▶ **EXERCISE OBJECTIVE**:
Leave out every picture, and restate word for word only the lines from the one containing "La Punta El" through the end of the material.

▶ **DATASET CONTENT**:
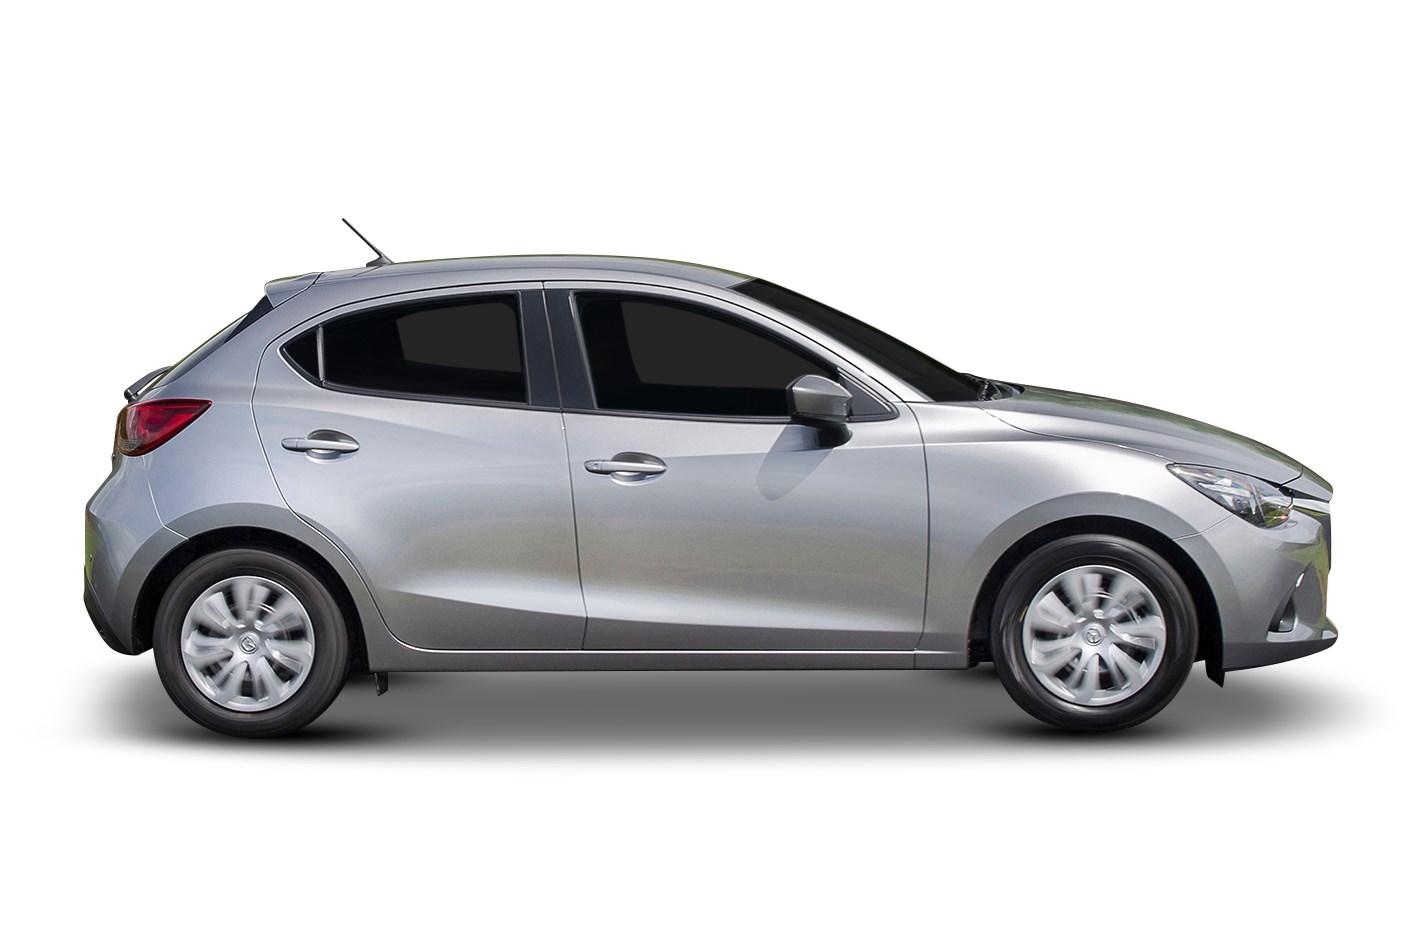 2018 mazda 2 neo, 1.5l 4cyl petrol automatic, hatchback
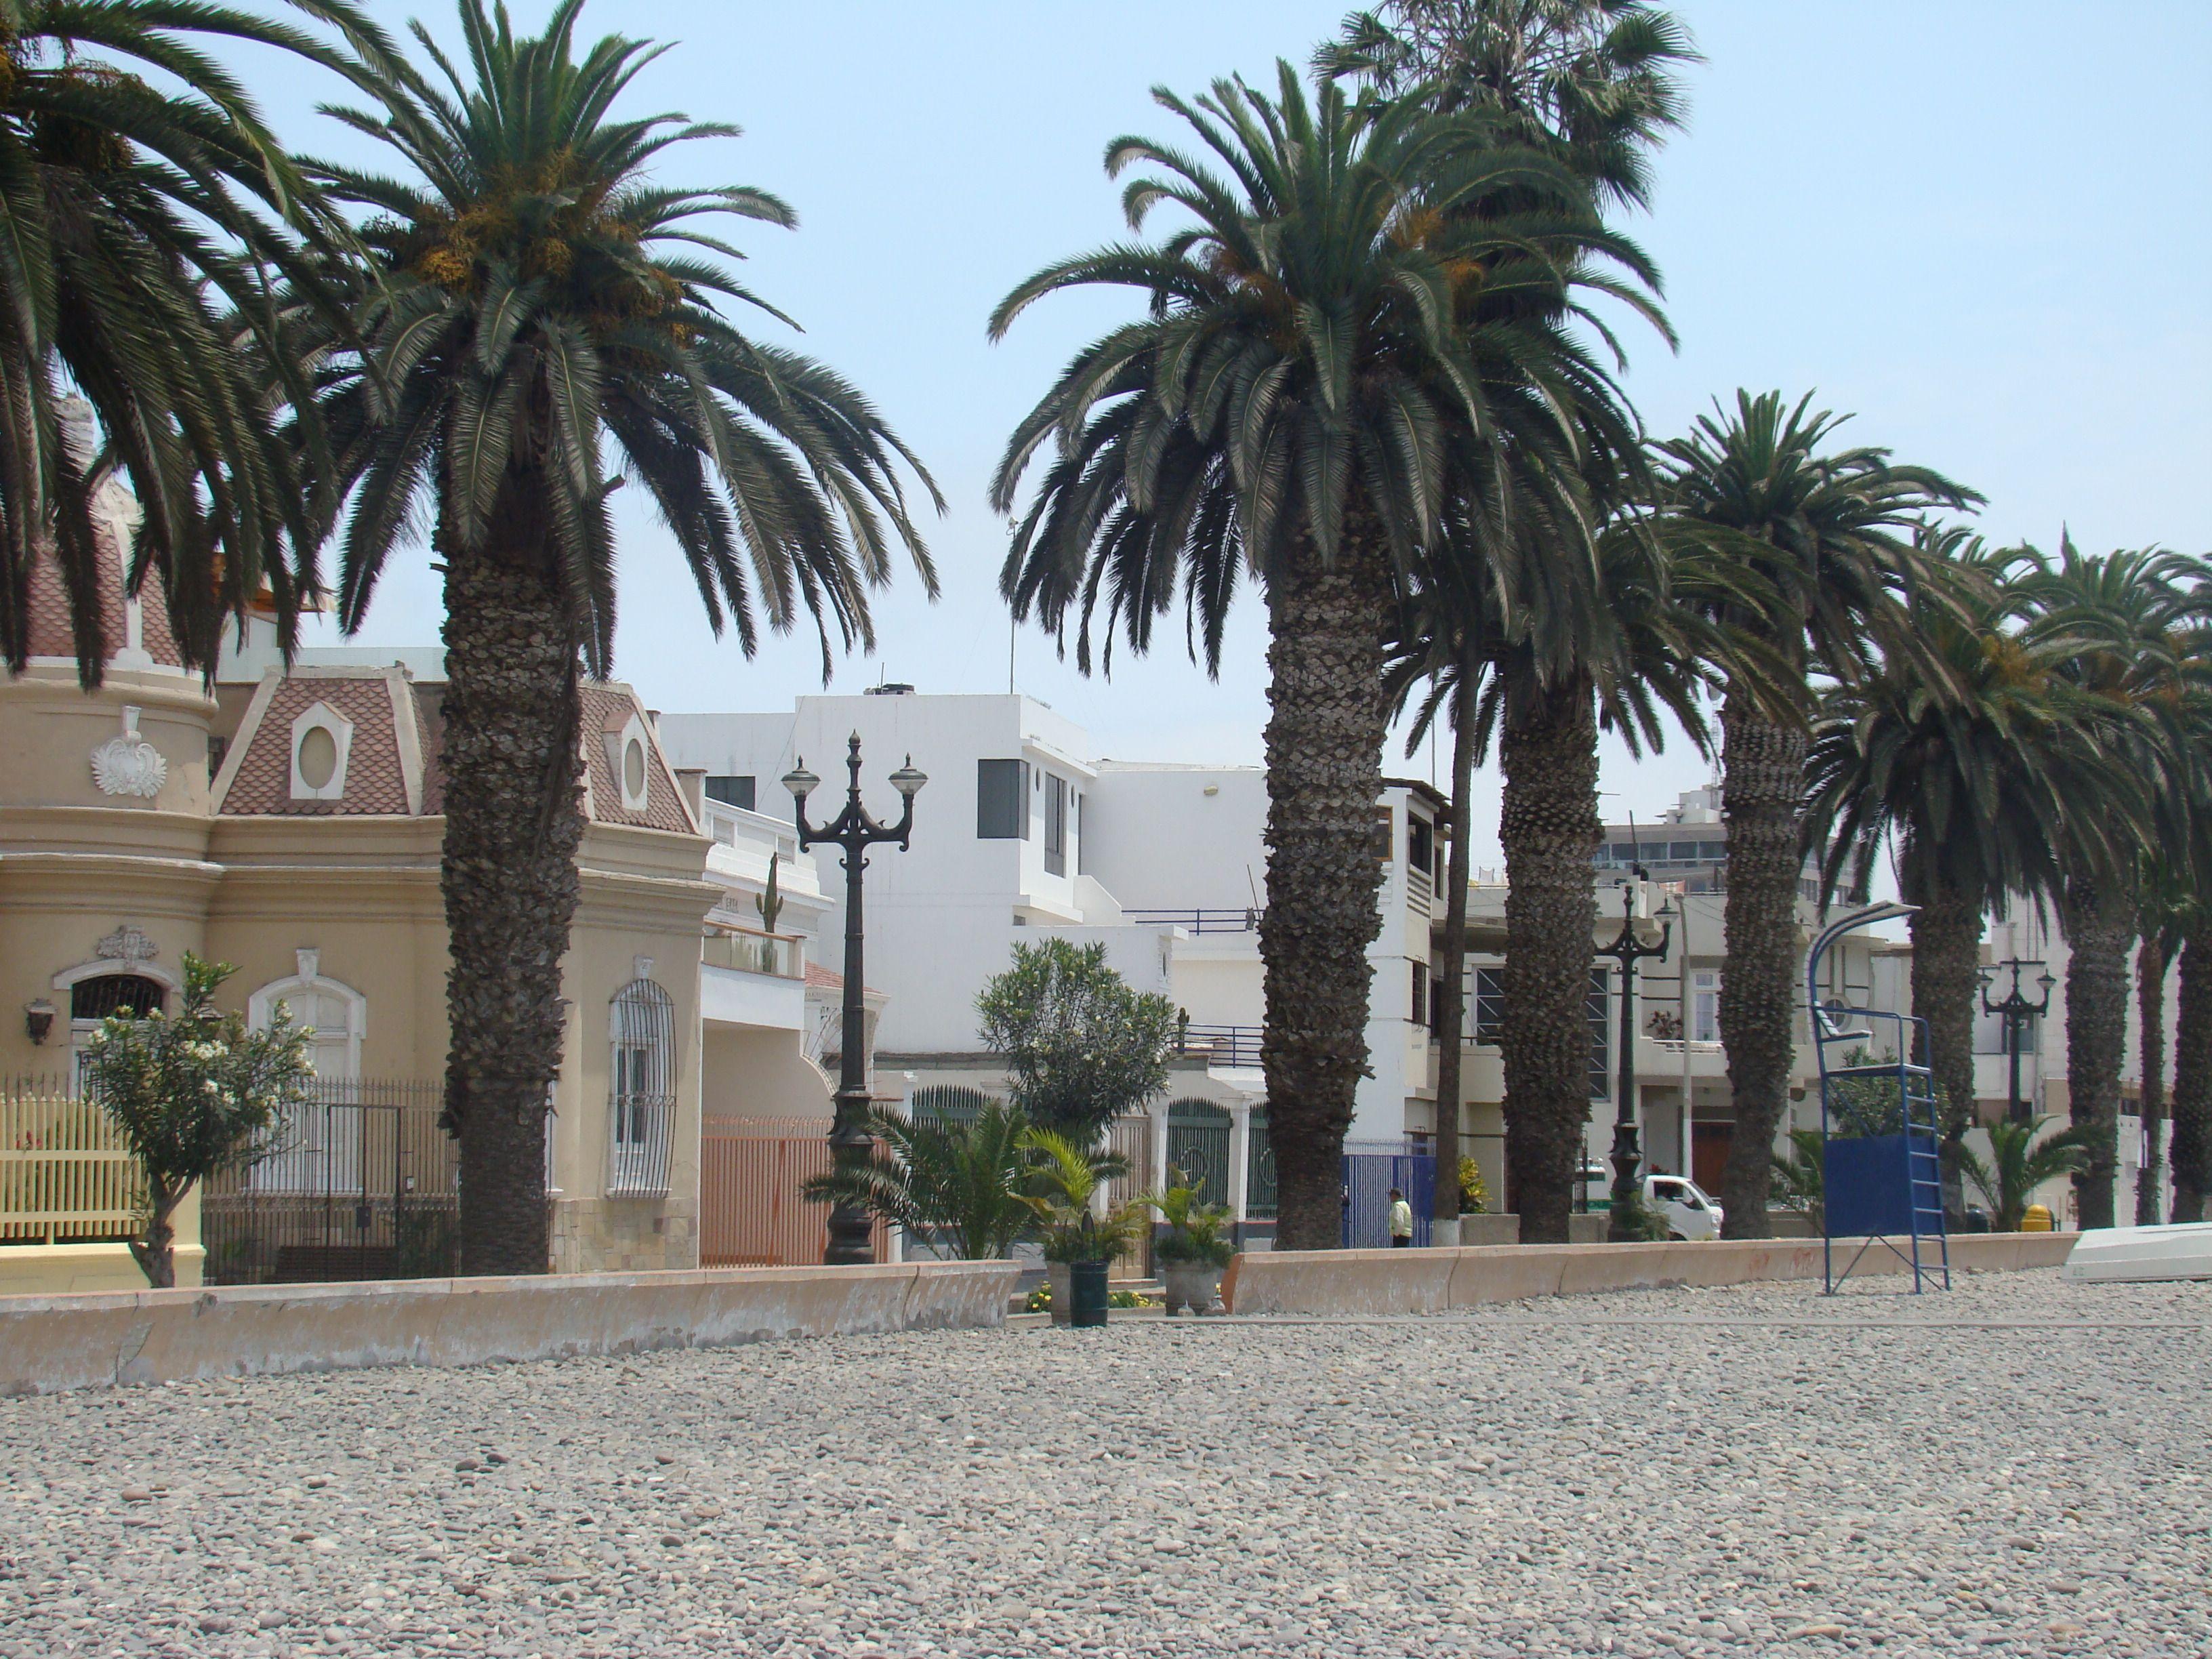 La Punta El Callao Per Special Scenary Pinterest Peru  # Muebles Para Cevicheria
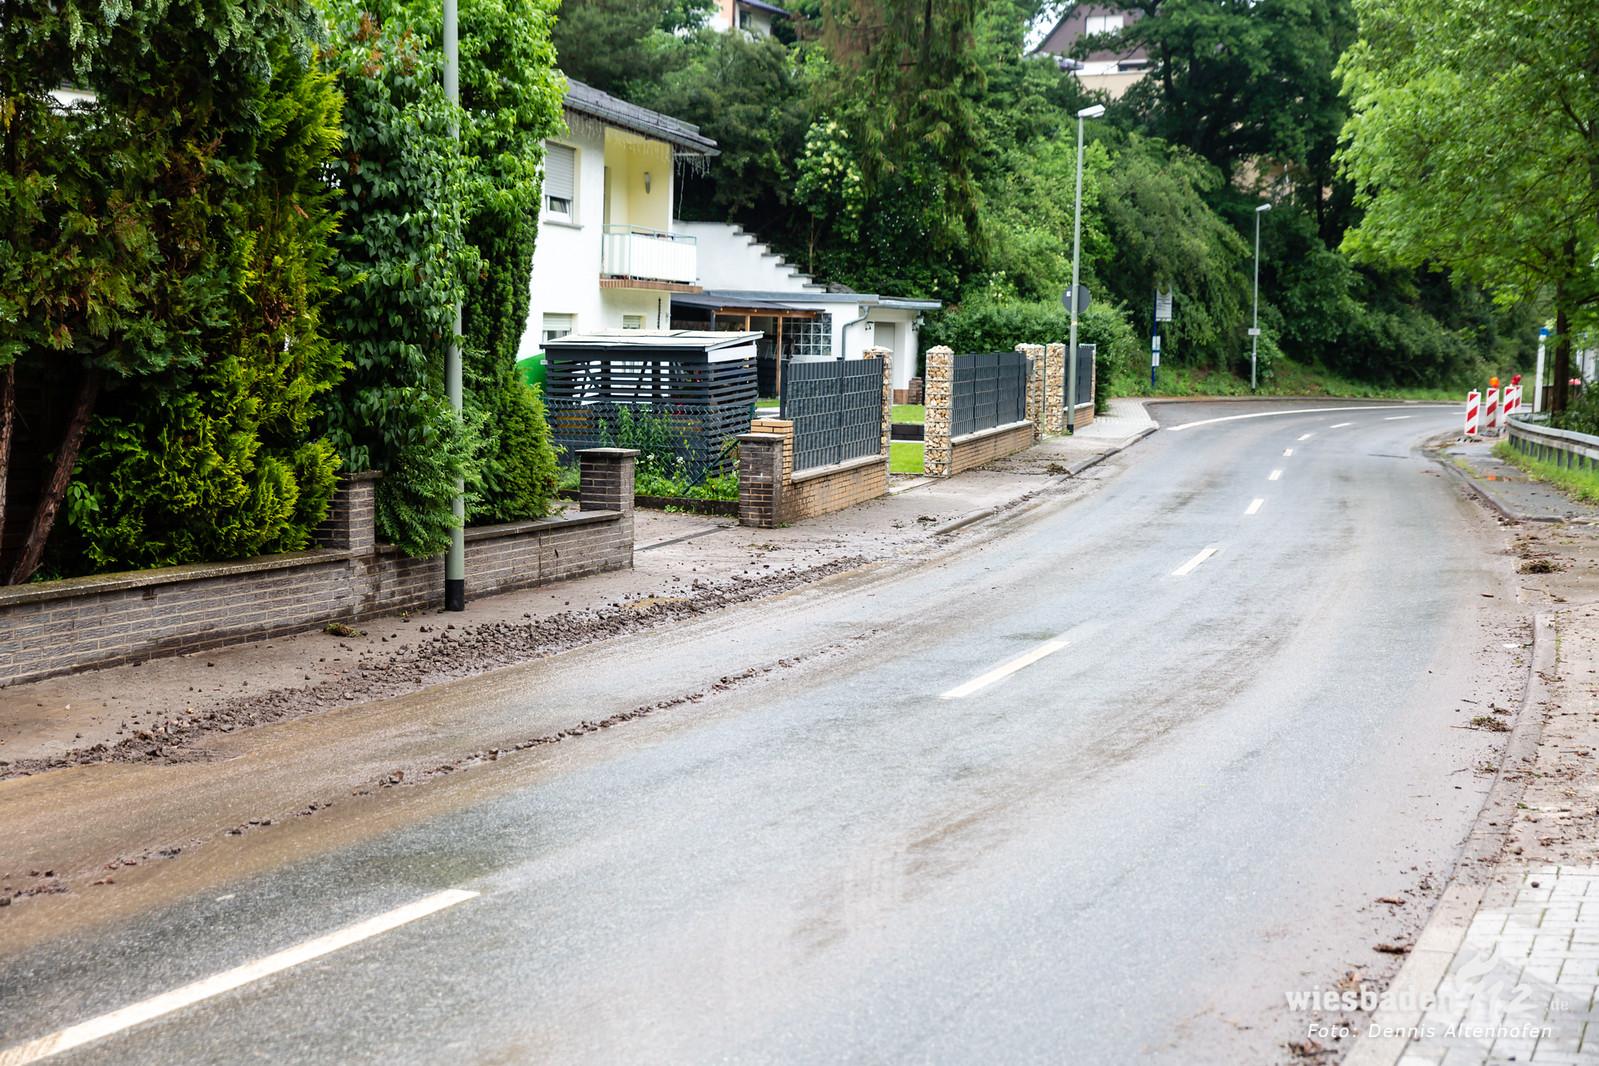 Unwetter in Bad Schwalbach 03.06.19
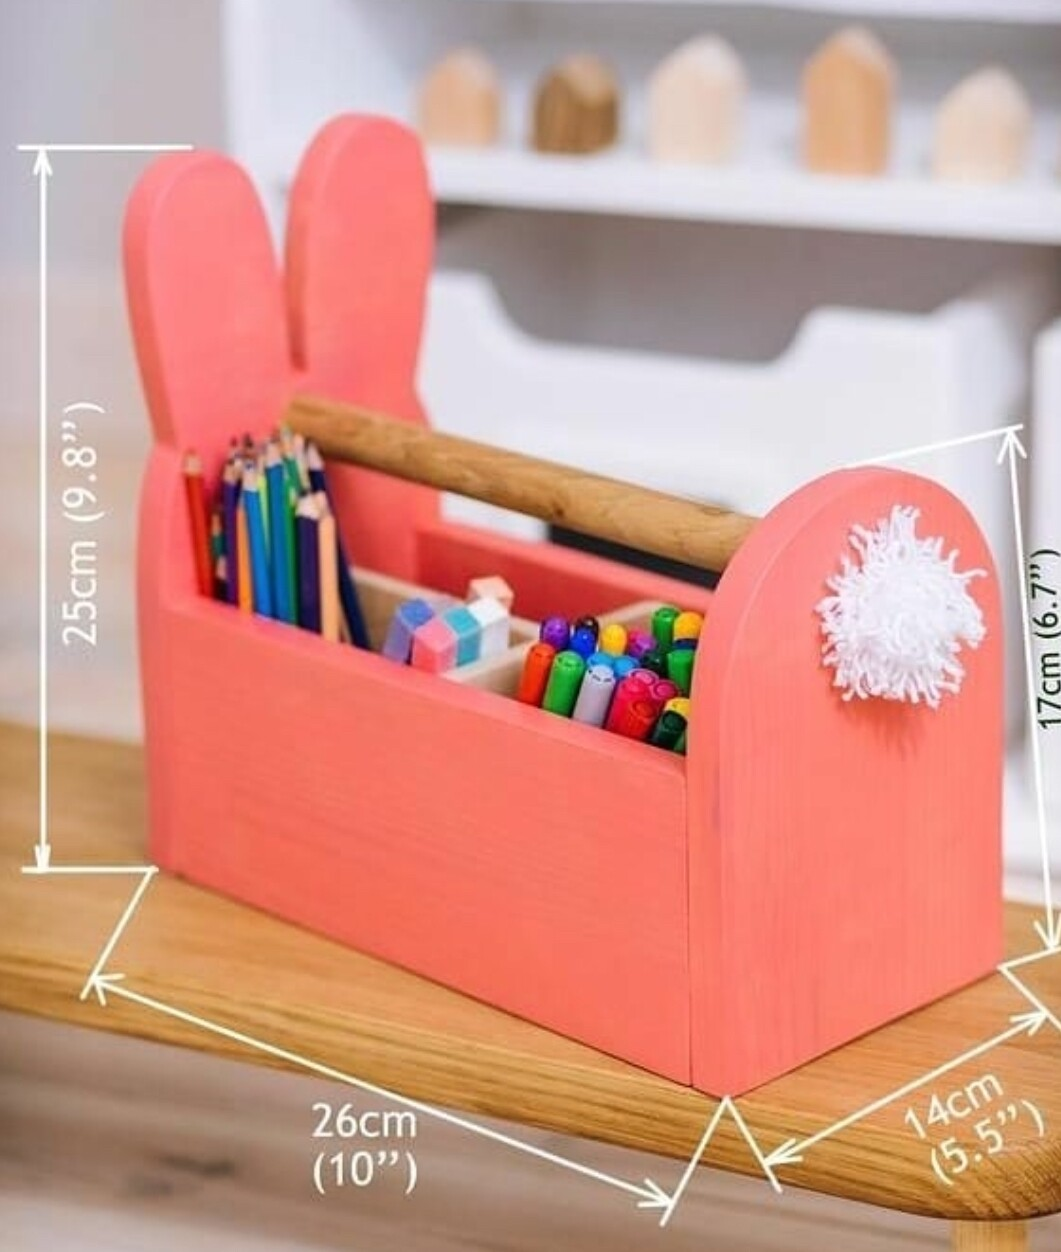 Bunny Rabbit Pencil Holder and Storage

▶ **COMPLETED TASK**:
 La Punta El Callao Per Special Scenary Pinterest Peru  # Muebles Para Cevicheria
 Unwetter in Bad Schwalbach 03.06.19
 Bunny Rabbit Pencil Holder and Storage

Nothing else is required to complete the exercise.